The effort to sequence the rhesus macaque genome was supported by several NCRR-funded National Primate Research Centers. (Photo by Randall C. Kyes / University of Washington)
The sequencing, funded by NIH’s National Human Genome Research Institute, was performed at the Baylor College of Medicine Human Genome Sequencing Center in Houston, Texas; the Genome Sequencing Center at Washington University in St. Louis, Missouri; and the J. Craig Venter Institute in Rockville, Maryland.
It was based on the DNA from a single individual—a female rhesus macaque housed at the NCRR-funded National Primate Research Center (NPRC) at the Southwest Foundation for Biomedical Research in San Antonio, Texas. The California, Oregon, and Yerkes NPRCs, also funded by NCRR, contributed additional biological samples used in the study.
The human genome was sequenced in 2001. With the sequencing of the chimpanzee (Pan troglodytes) genome in 2005, scientists were able to investigate which genes humans share with this close relative, from which they diverged about 6 million years ago. Macaques are more distant in the evolutionary timescale, as they are believed to have diverged from humans 25 million years ago.

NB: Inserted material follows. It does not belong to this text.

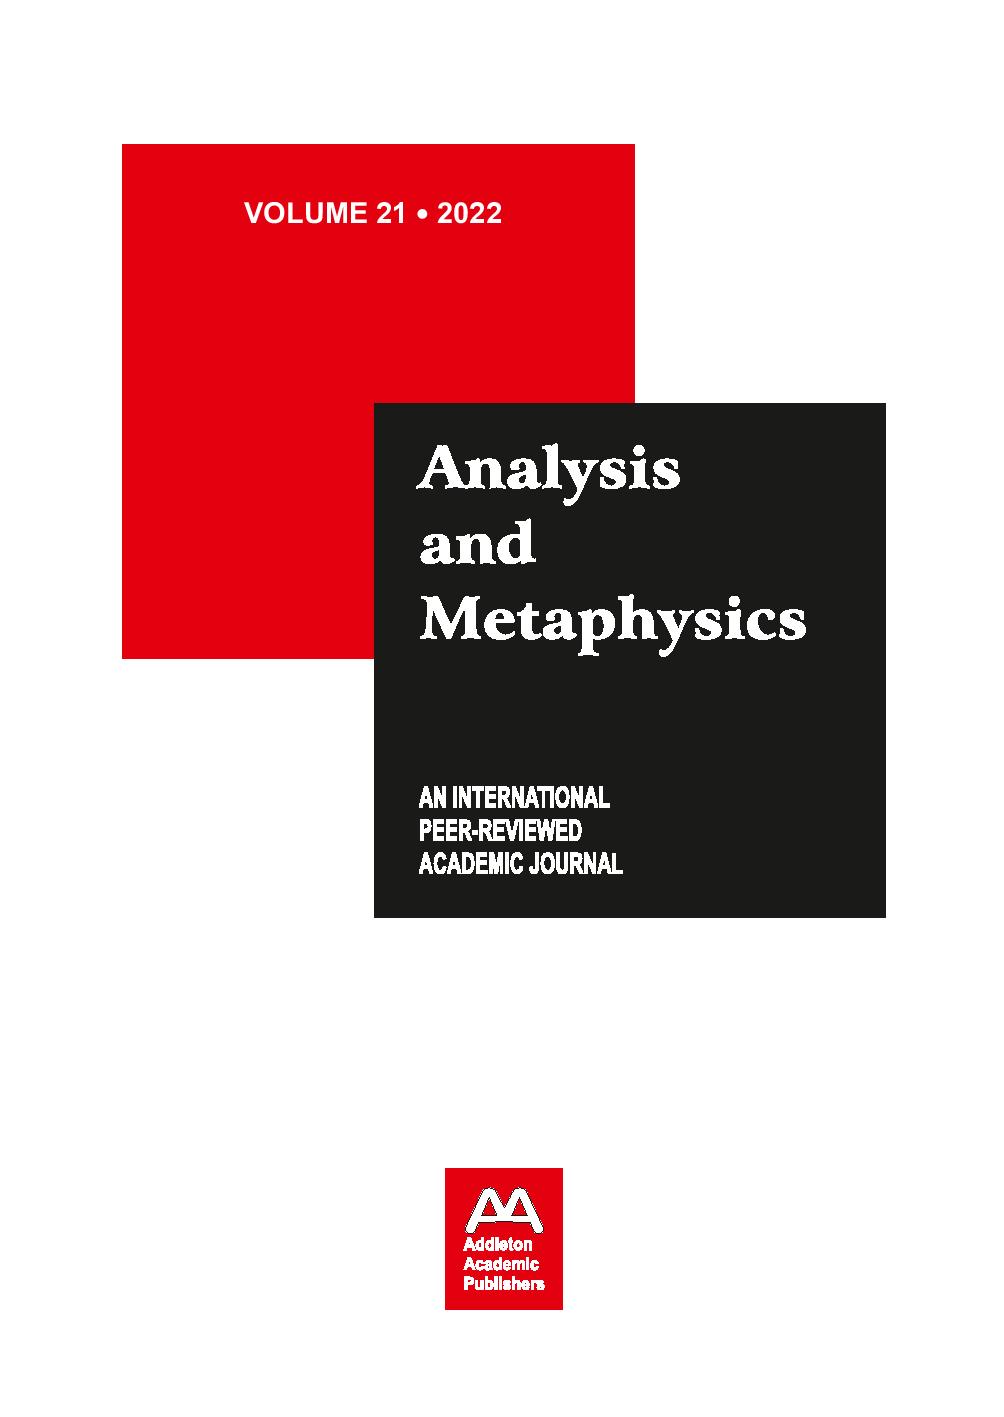 Ambient Sound Recognition and Processing Tools, Object Perception and Motion Control Algorithms, and Behavioral Predictive Analytics in the Virtual Economy of the Metaverse Cover Image

But this distance is actually useful for studying evolution. By comparing rhesus macaque and human DNA, which are about 7 percent different from one another, scientists can see which genes have been conserved in primates over time and which ones have not. Compared to the human genome, the chimp genome is only about 1.5 percent different.
The Science article describes about 200 genes that probably play a key part in determining differences among primate species, including genes involved in hair formation, immune response, membrane-protein generation, and sperm-egg fusion. Also, researchers found some intriguing examples where a normal form of a macaque gene looks like a diseased human gene.